Segment Start: Raw data

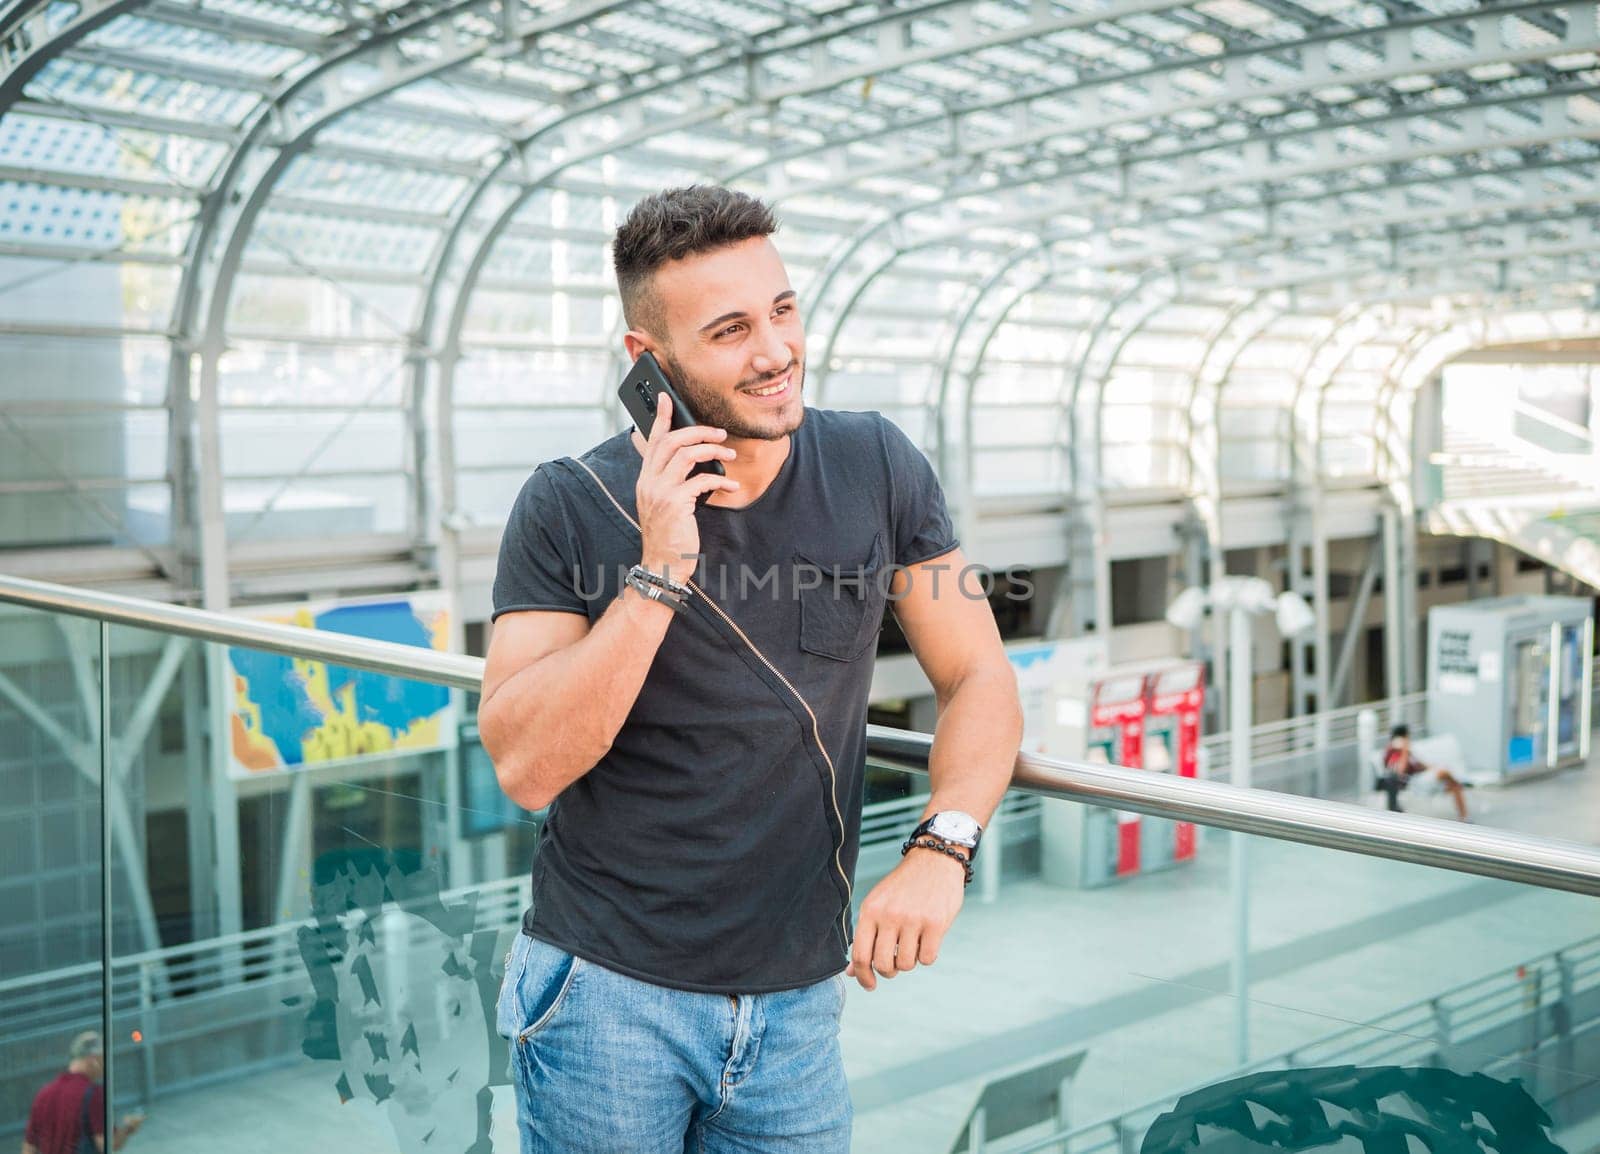 A man standing on a balcony talking on a cell phone. Photo of a young and handsome man talking on a cell phone while standing on a balcony in a modern train station
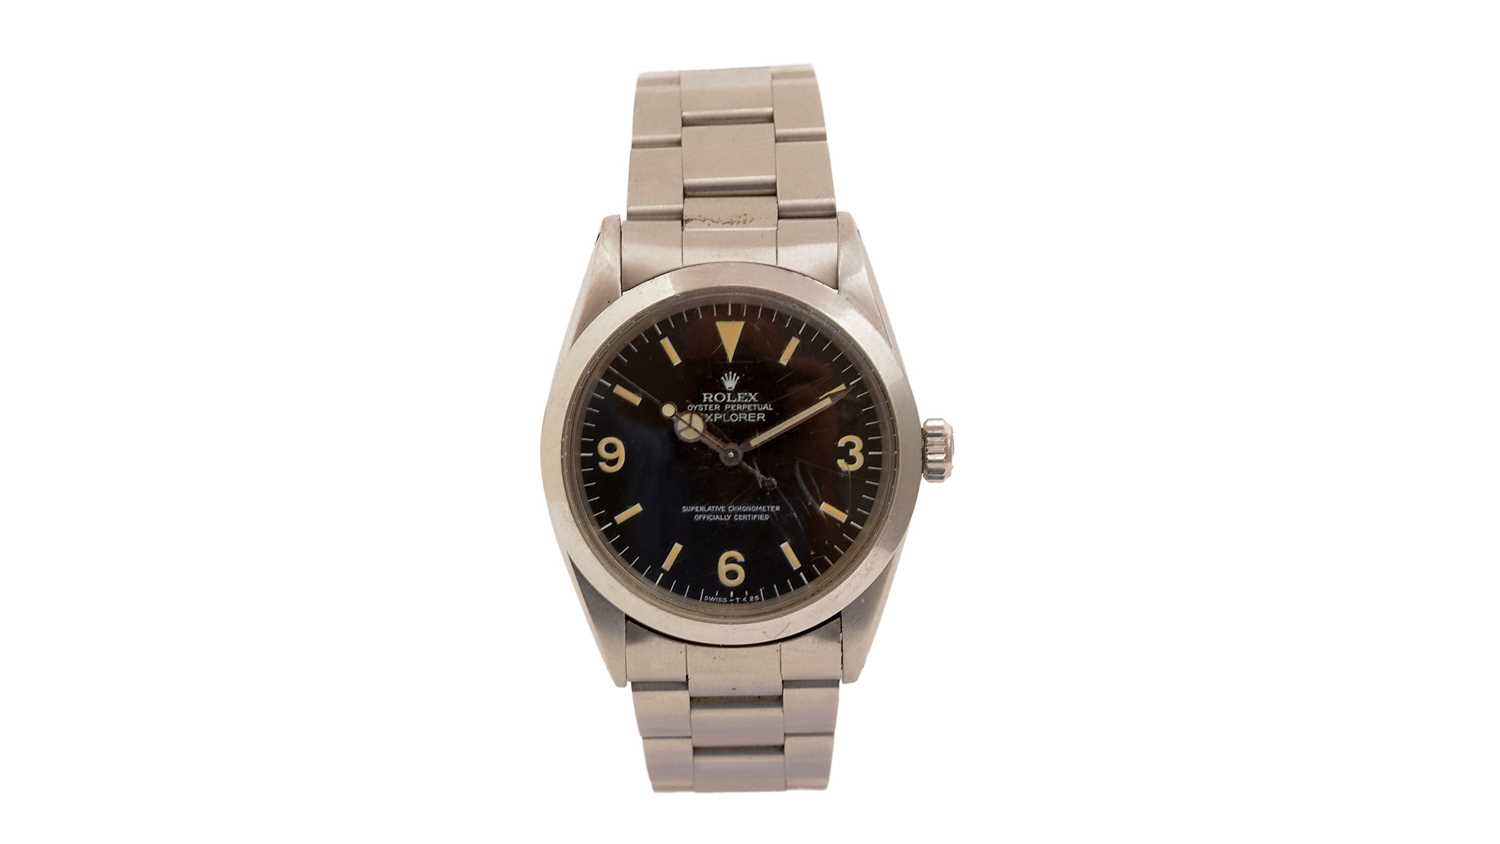 Lot 578 - Rolex Oyster Perpetual Explorer: a steel cased automatic wristwatch, ref 1016
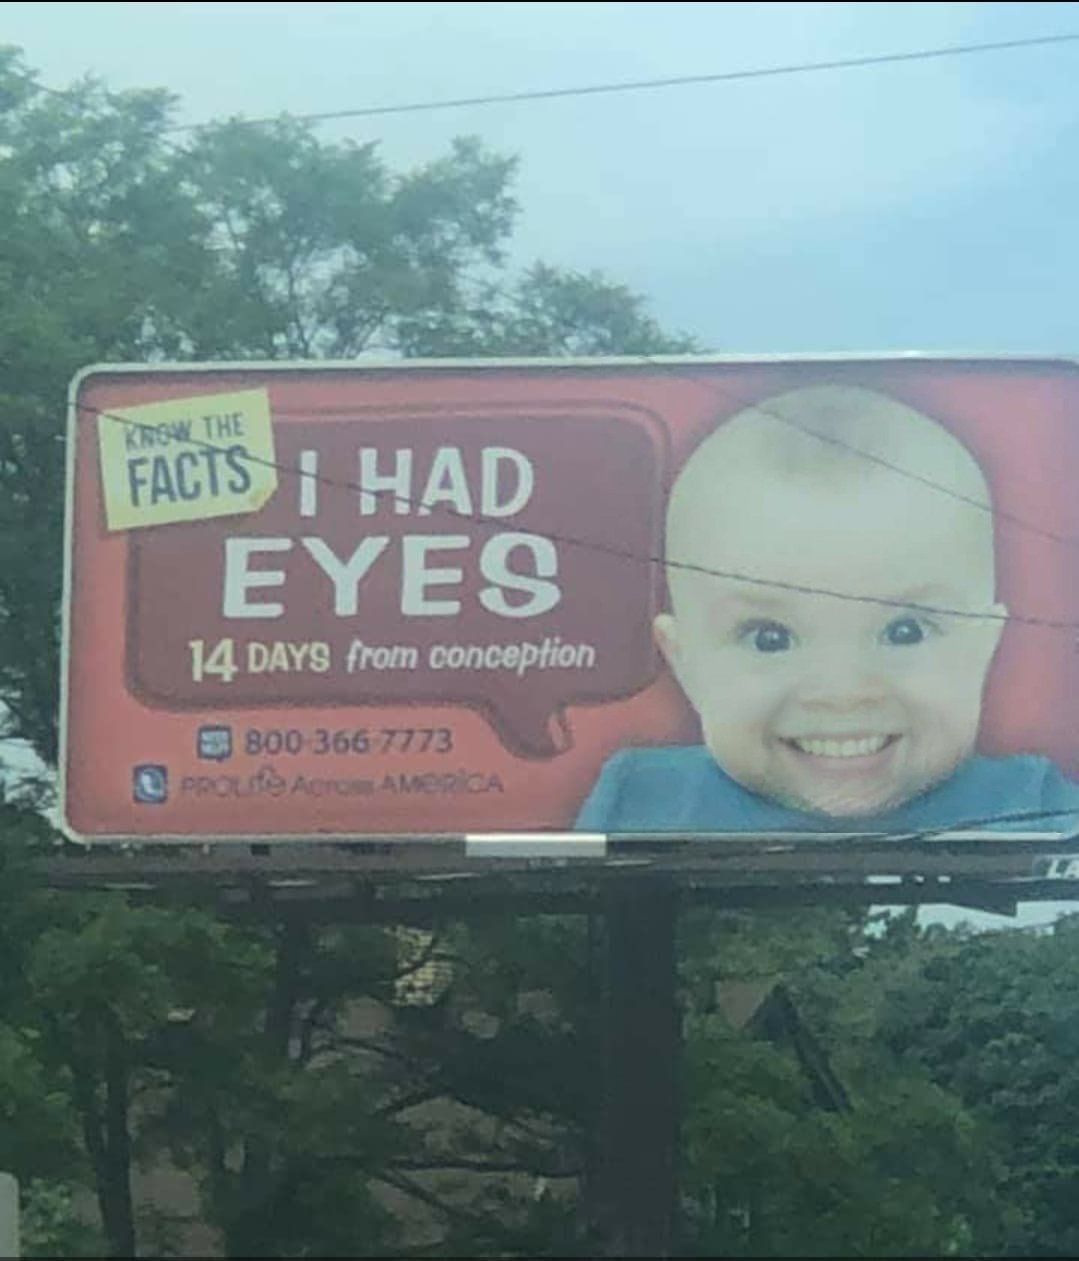 The Terrifyingly Toothy Baby on this Pro-life Billboard.
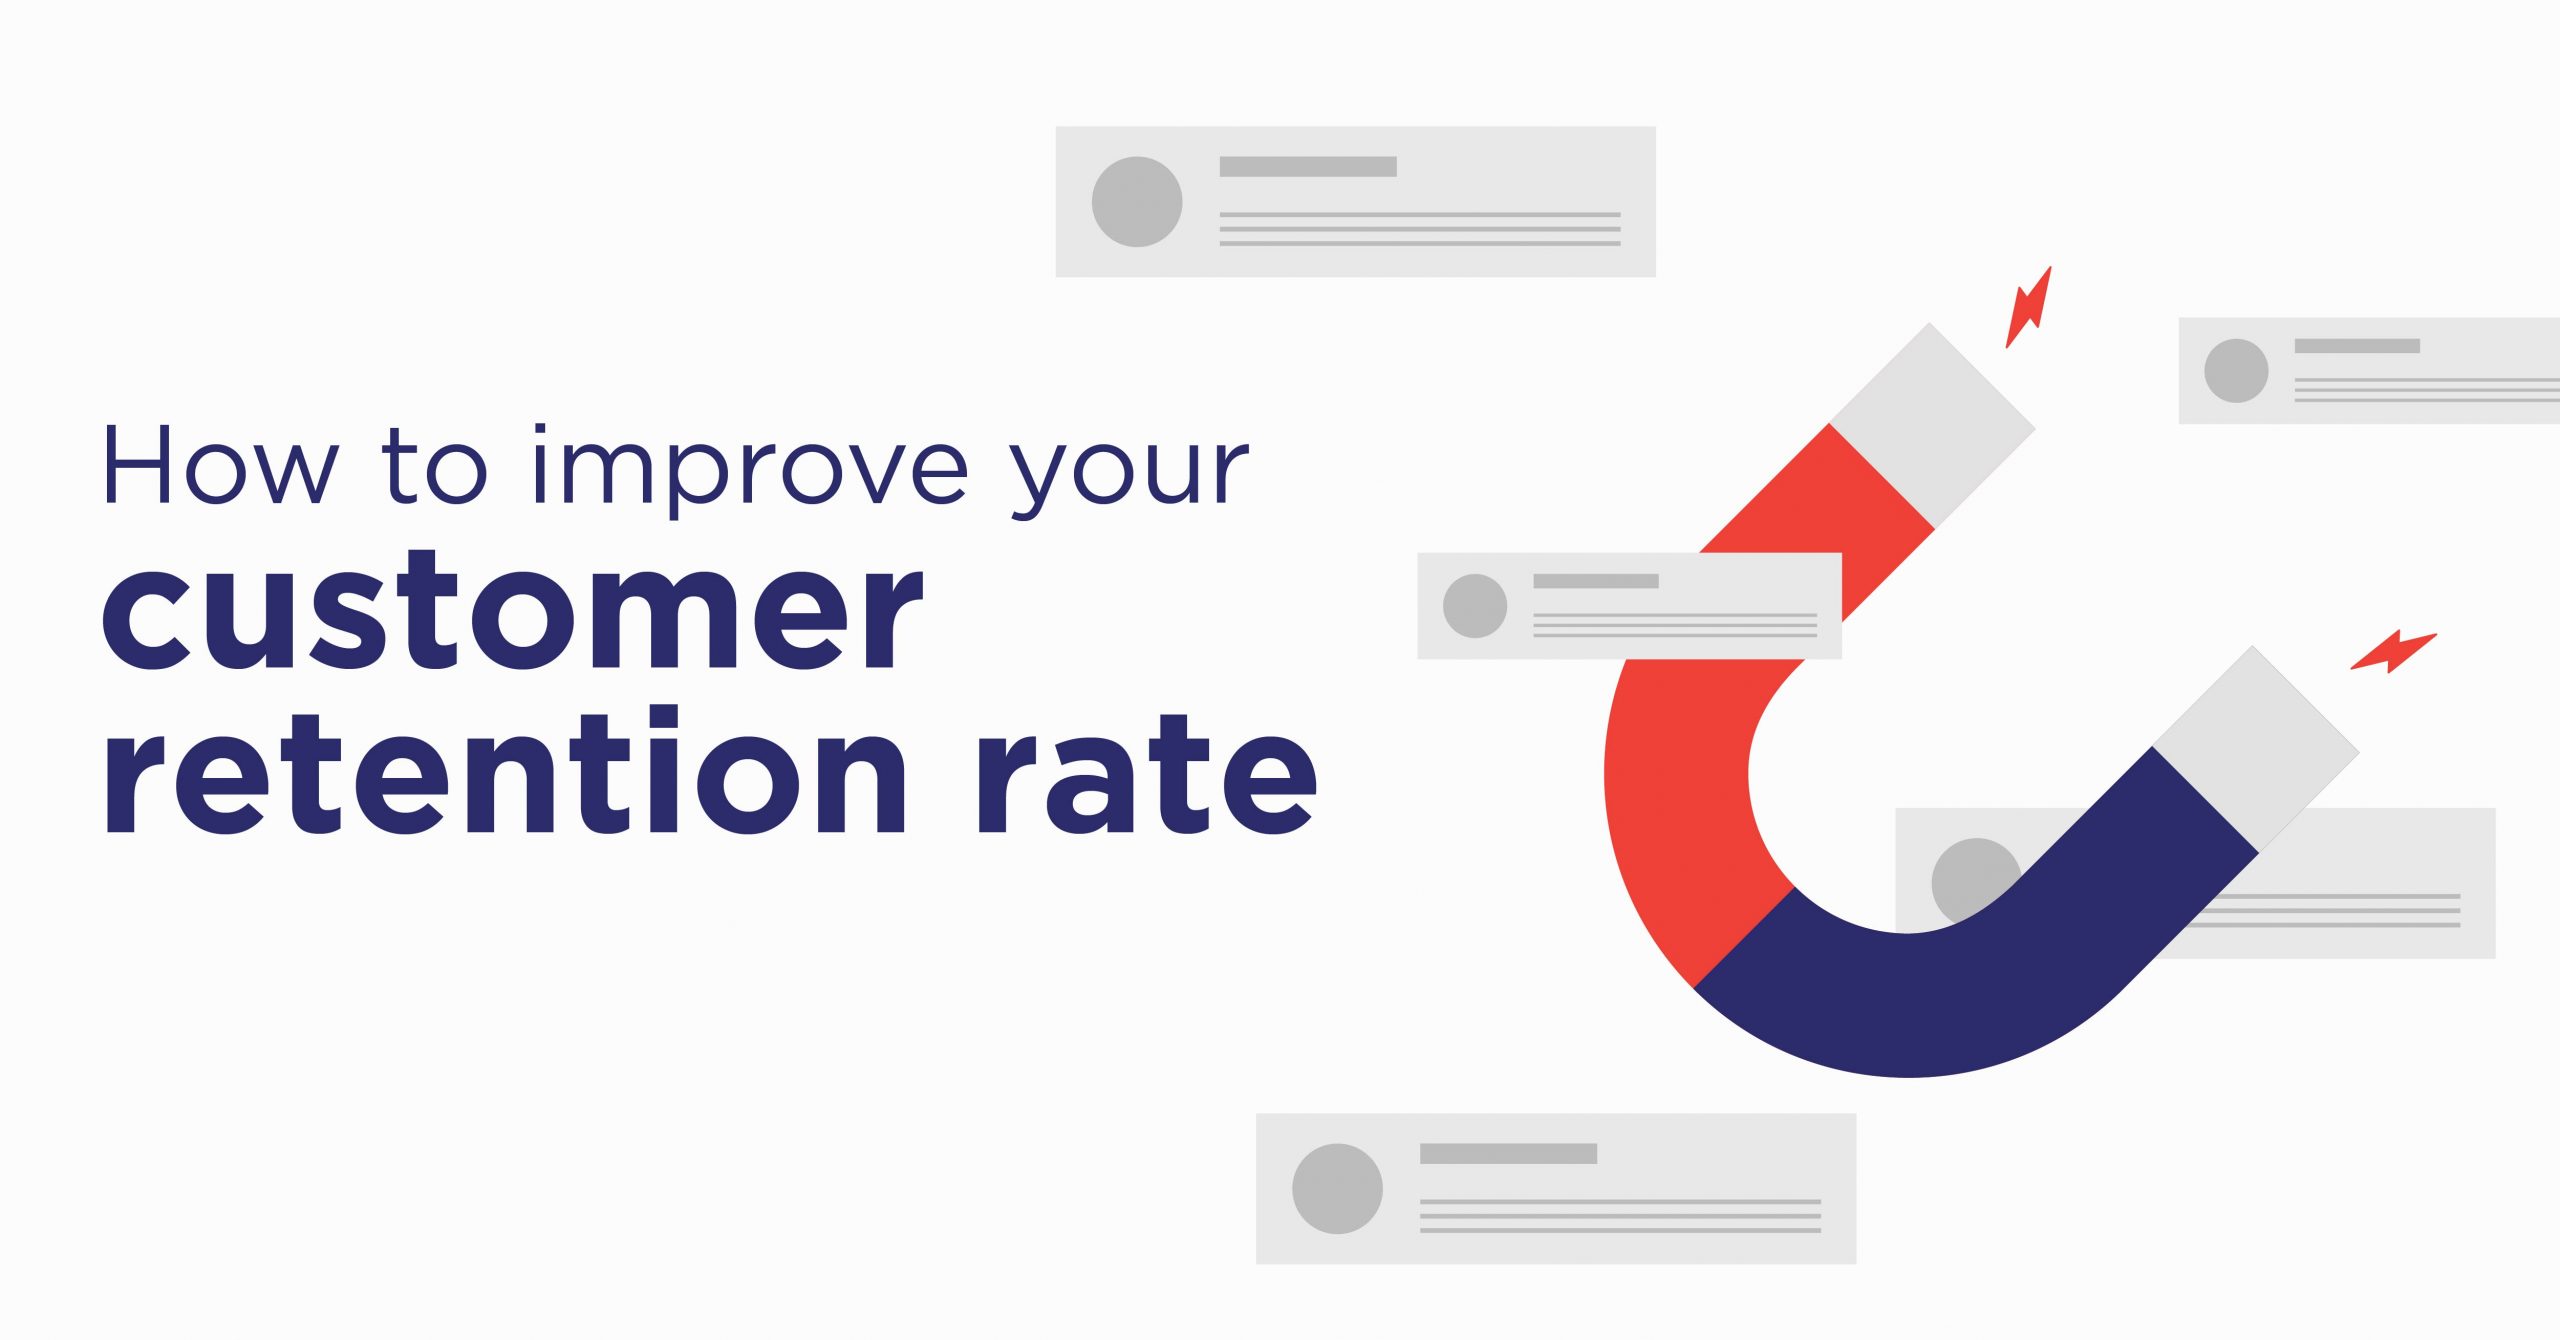 4 Effective Ways to Improve Customer Retention Rate in 2022

Segment End: Raw data

The line containing "The Terrifyingly Toothy" and every line after it, up to the last line of the data, should be returned exactly, without the pictures.

 The Terrifyingly Toothy Baby on this Pro-life Billboard.
 4 Effective Ways to Improve Customer Retention Rate in 2022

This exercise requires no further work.